→ Exercise details
An exact restatement is required. Cover only the lines of the records from the first through the line with "Fastening: clip-on", and skip pictures.

→ Dataset records
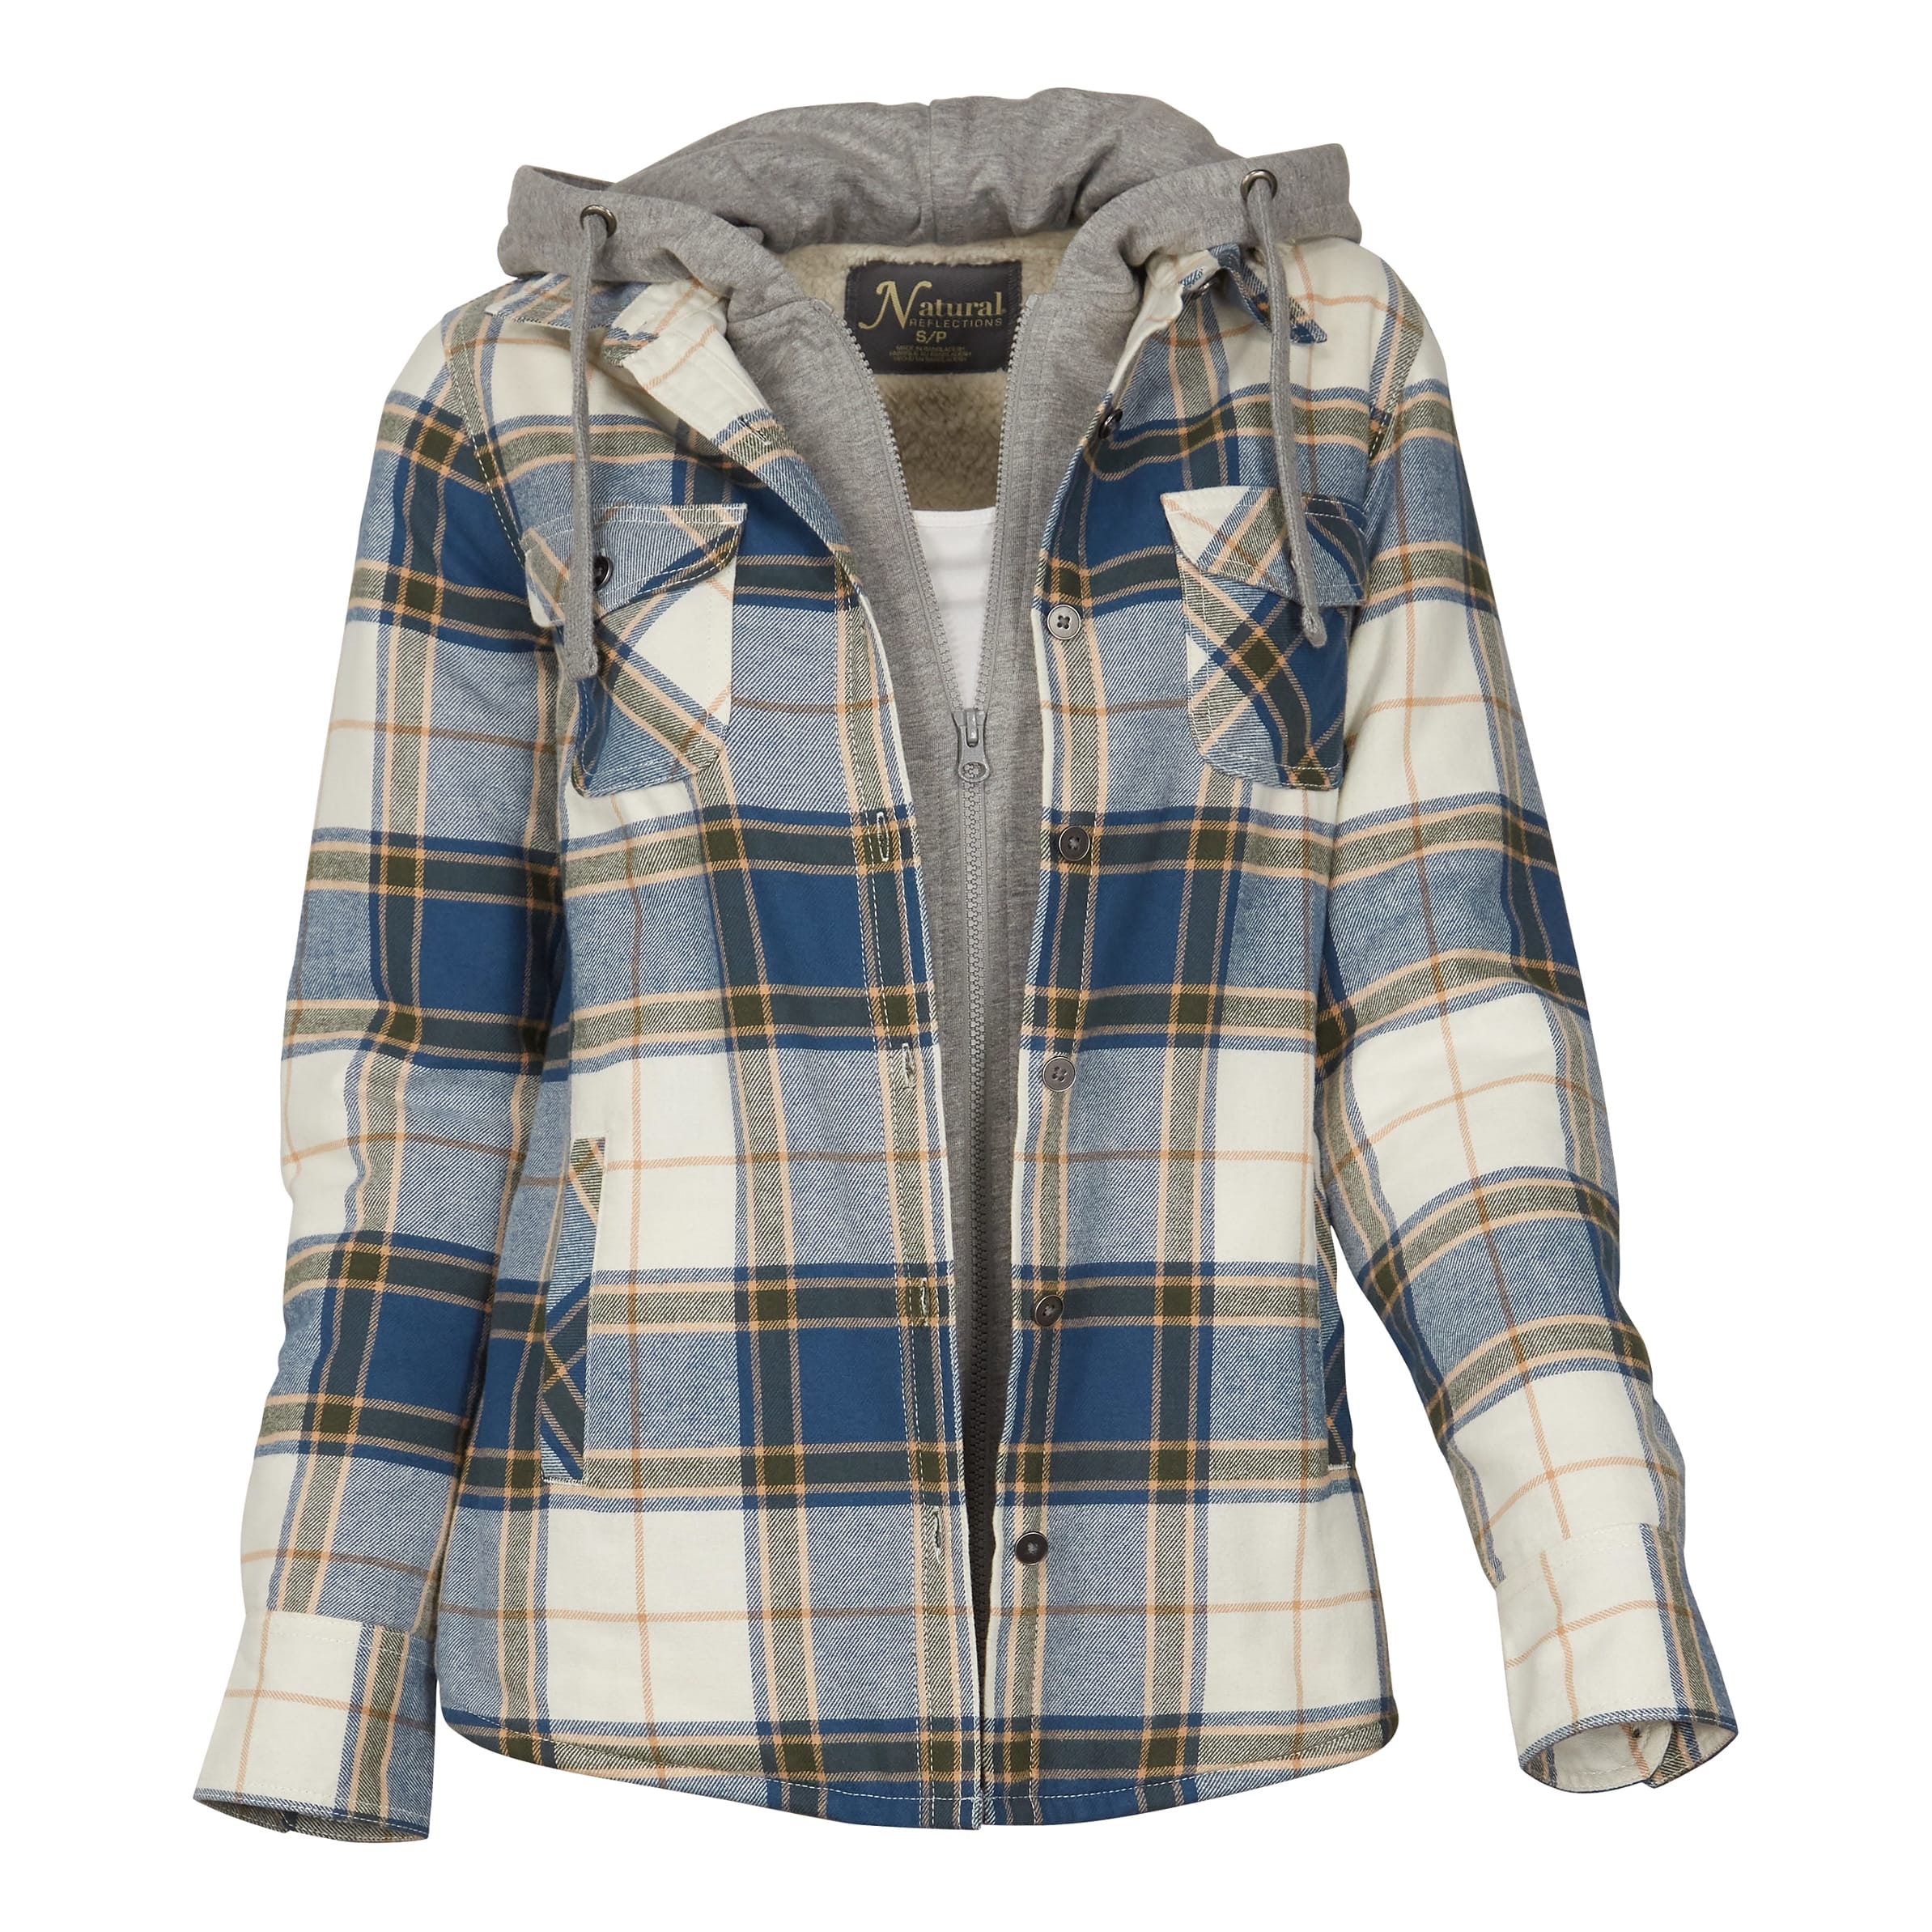 Wrangler Hooded Flannel Work Jacket For Men Cabela's | Mens Warm Quilted  Lined Cotton Jackets With Hood Button Down Zipper Long Sleeve Plaid Jackets  
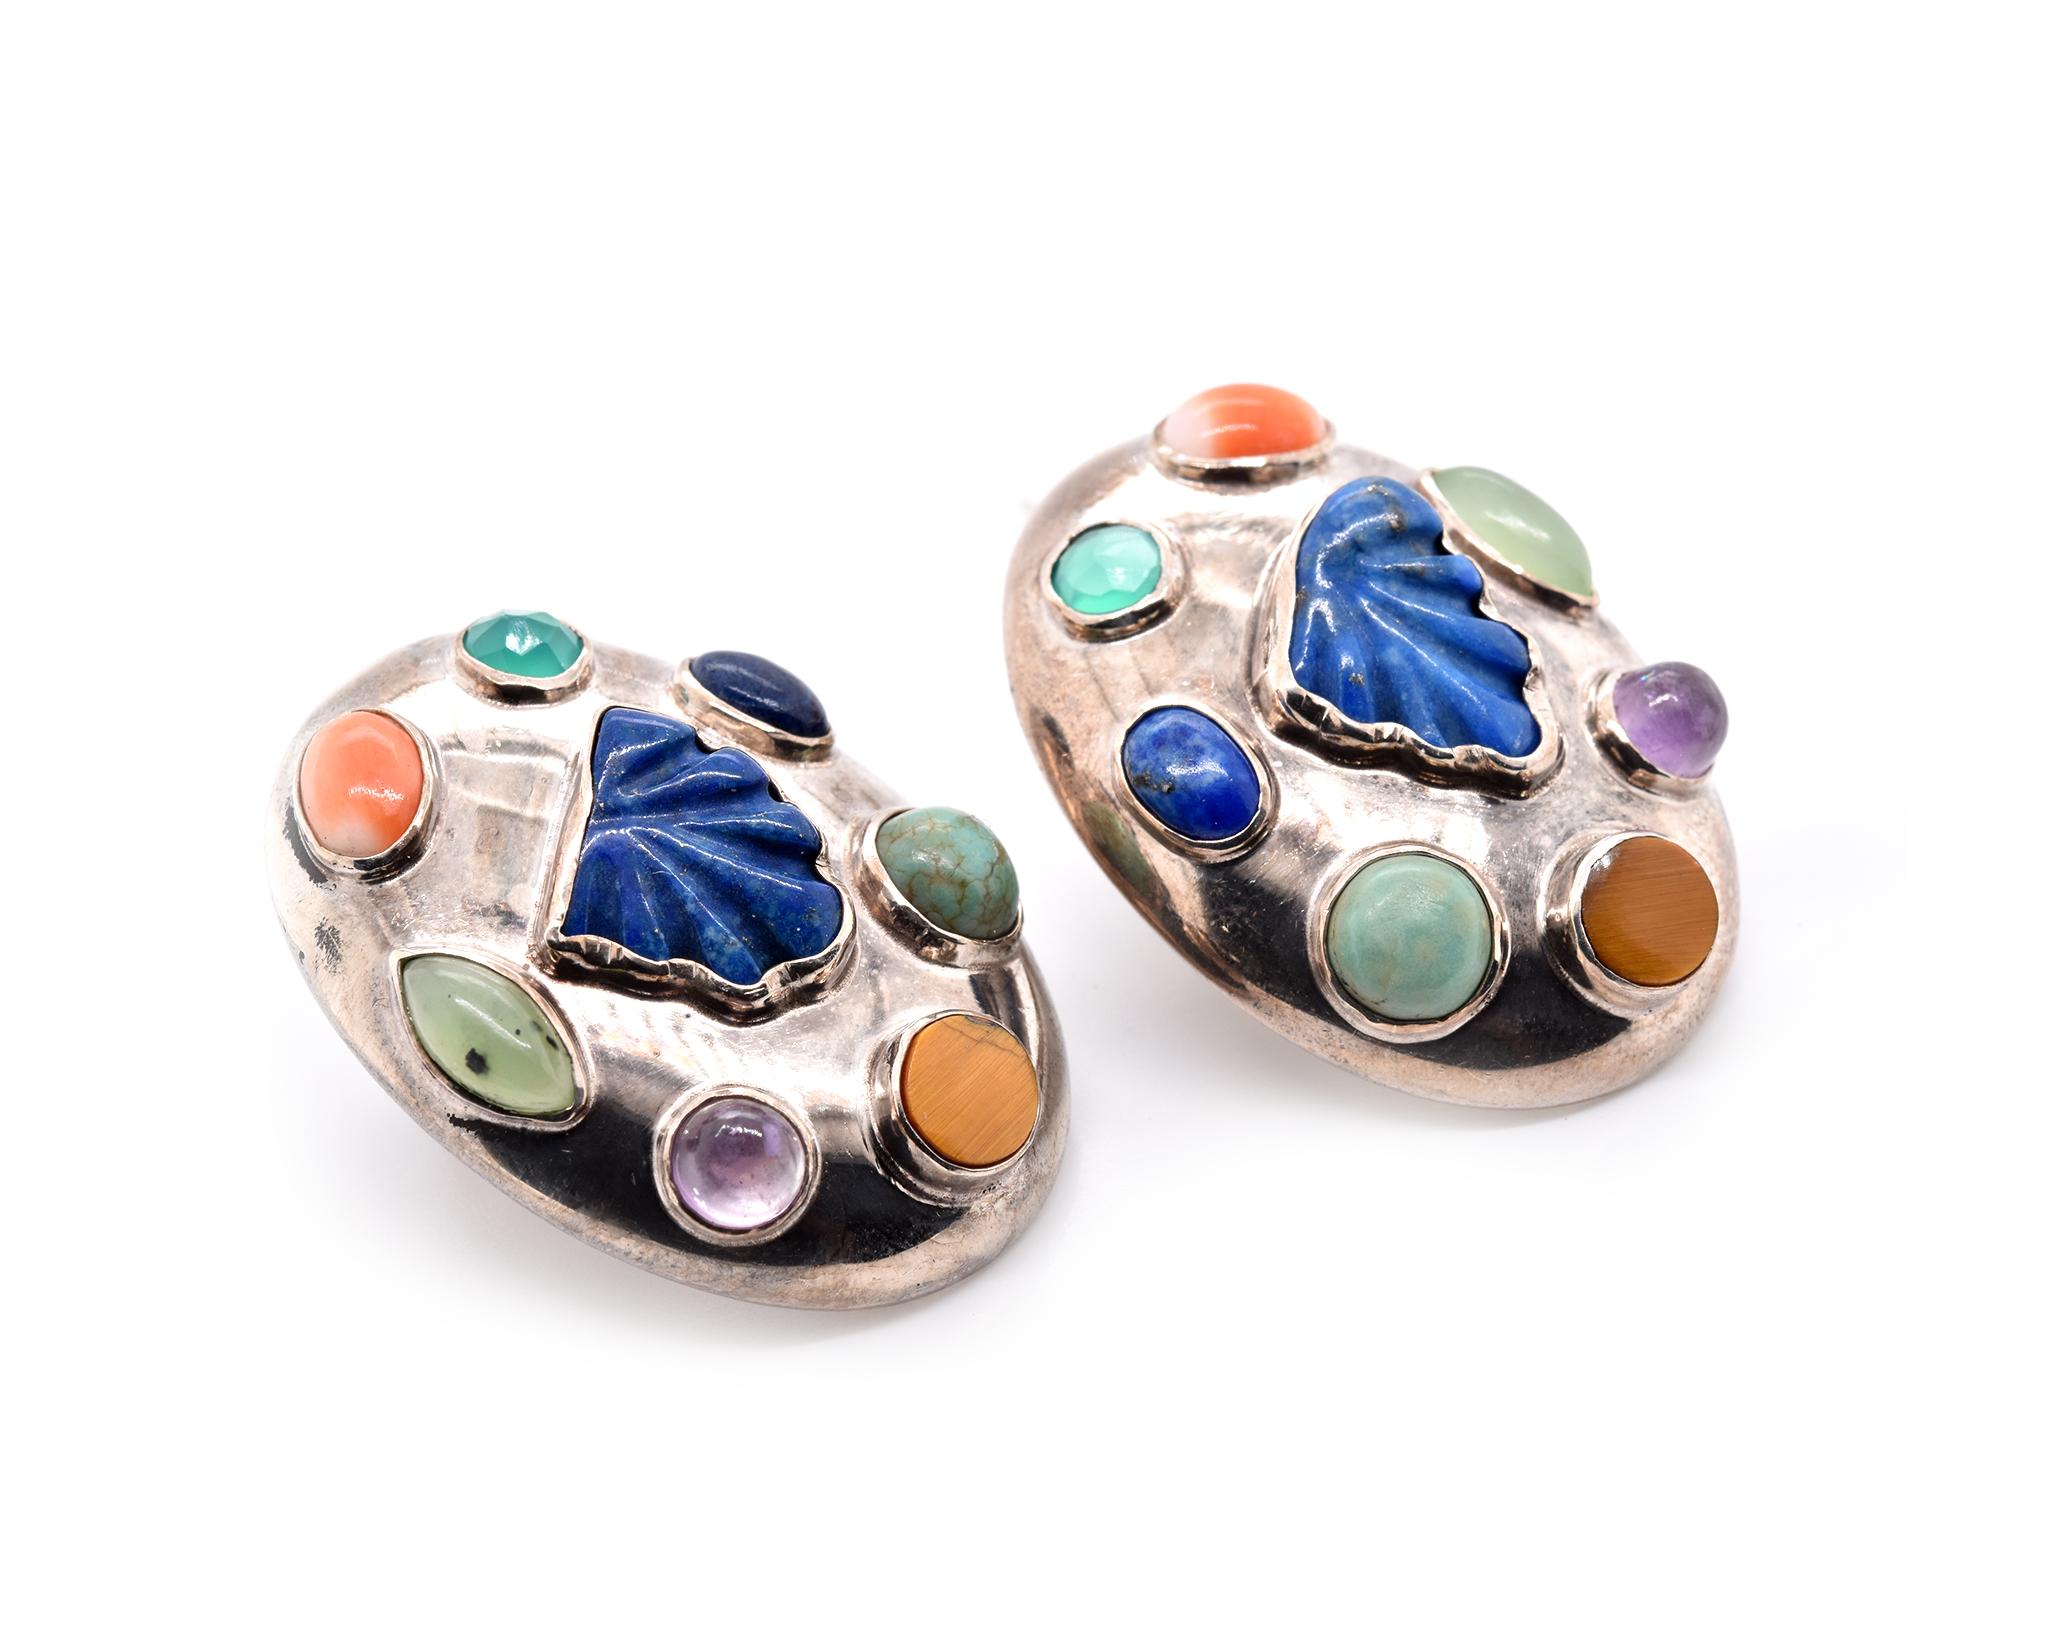 Designer: Celia Harms
Material: sterling silver
Gemstones: lapis lazuli, tiger’s eye, amethyst, jade, coral, green chrysocolla, and turquoise  
Dimensions: earrings measure 34.15mm x 24.55mm
Fastening: clip-on 
Weight: 21.8 grams

→ Result of the task
 Wrangler Hooded Flannel Work Jacket For Men Cabela's | Mens Warm Quilted  Lined Cotton Jackets With Hood Button Down Zipper Long Sleeve Plaid Jackets  
 Designer: Celia Harms
Material: sterling silver
Gemstones: lapis lazuli, tiger’s eye, amethyst, jade, coral, green chrysocolla, and turquoise  
Dimensions: earrings measure 34.15mm x 24.55mm
Fastening: clip-on 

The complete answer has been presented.